Aber was machen Sie, wenn Sie Ihr Gewichts-Problem gelöst haben? Fühlen Sie sich besser? – Höchstwahrscheinlich. Hätten Sie mehr Zeit? (Wofür?) Würden Sie endlich wieder leben? (Waren Sie vorher nicht lebendig?)

Masterclass: Probleme, die andere lösen müssten

Sie können auch aufsteigen in die Masterclass der Probleme. Hierbei handelt es sich um Probleme, die Sie haben, die jedoch andere – aus Ihrer Sicht – lösen müssten.

Beispiele gefällig? Es könnte super im Job laufen, wenn nur die Kollegin endlich ein wenig schneller arbeiten würde. Oder die Abteilungsleitung endlich mal eine Entscheidung treffen würde. Oder die Nachbarabteilung einsehen würde, dass man auf Informationen angewiesen ist. Man wäre so ein glücklicher Mensch, wenn nur der Partner oder die Partnerin sich endlich ändern würde. Man wäre viel zufriedener, wenn der Nachbar nicht jeden Samstag grillen würde.

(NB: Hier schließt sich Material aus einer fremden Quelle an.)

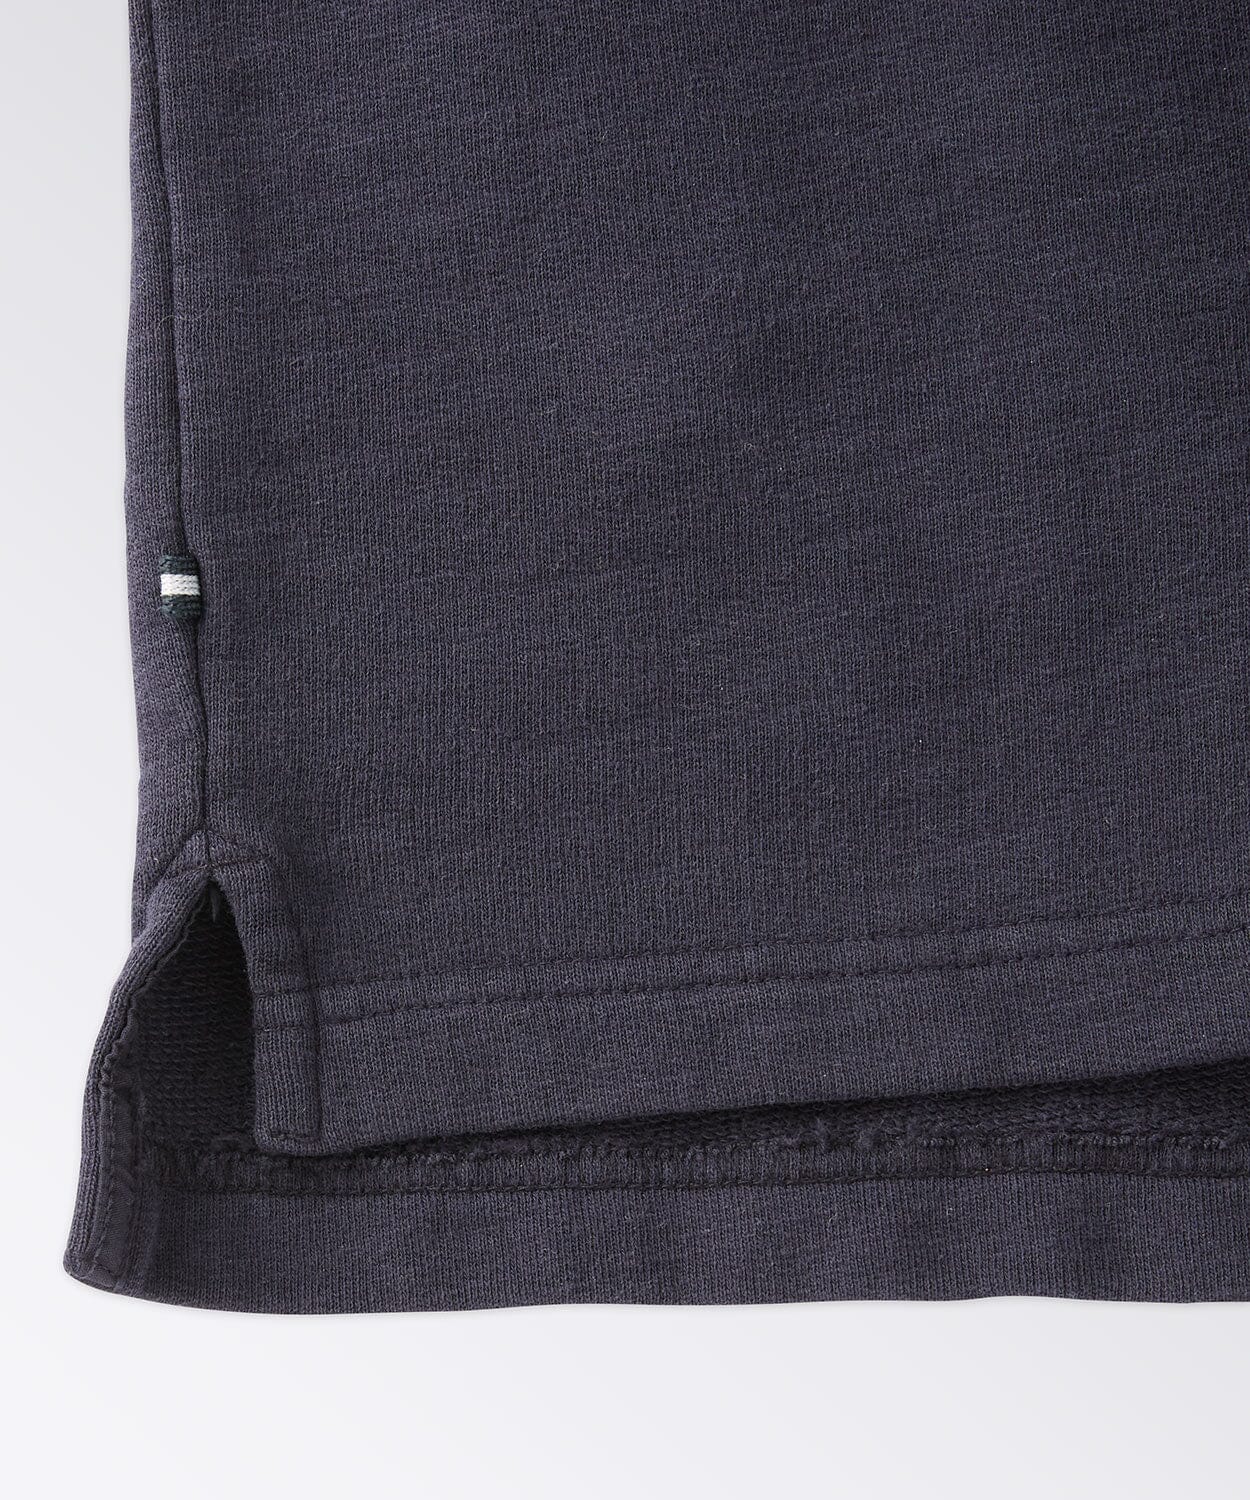 Close up of Small Tab Label on Side Seam

Sie haben ein Problem: Im Job, in der Partnerschaft, in der Freizeit, in der Nachbarschaft. Der Clou: Sie haben zwar das Problem, aber leider können Sie nichts zur Lösung beitragen. Schließlich sind es andere, die sich ändern, etwas tun, das Problem lösen müssten. Ihnen sind da die Hände gebunden. Sie müssen diese Probleme aushalten. Alles, was Ihnen bleibt, ist darüber zu sprechen, zu grübeln, zu erwägen, sich zu ärgern (Probleme garantieren Beschäftigung). Sie können sicher sein, dass es andere gibt, die ähnlich gelagerte Probleme haben (Probleme verbinden) und die Ihnen zuhören (Probleme garantieren Aufmerksamkeit).

Was ich habe, das kenne ich

Warum, um alles in der Welt, wollen Sie Ihr Problem loswerden? Was machen Sie, wenn Sie Ihr Problem nicht mehr haben? Geht es Ihnen wirklich besser? Im Vergleich zu wem oder wann? Haben Sie wirklich mehr Zeit? Für wen oder was? Leben Sie wieder? Was haben Sie vorher gemacht?

Stellen Sie sich das kurz vor: Sie könnten nicht mehr seufzend von der Mühsal berichten, die Ihnen das Problem bereitet. Sie könnten sich nicht mehr selbst anklagen, dass Sie keine Lösung für Ihr Problem finden. Sie könnten sich nicht mehr darüber beklagen, dass andere für das Problem und die Lösung desselben verantwortlich sind. Sie könnten sich nicht mehr der Aufmerksamkeit sicher sein, die Ihnen geschenkt wurde inklusive verständnisvoller Blicke und Gesten.

Es gäbe plötzlich eine Lücke in Ihrem Leben, und zwar eine, die Sie gut kennen: Ihr Problem. Was Sie nicht kennen, ist die Situation ohne das Problem. Wollen Sie sich allen Ernstes in eine Situation begeben, die Sie nicht kennen? Sicher nicht. Und deshalb: Sie haben ein Problem – lieben Sie es.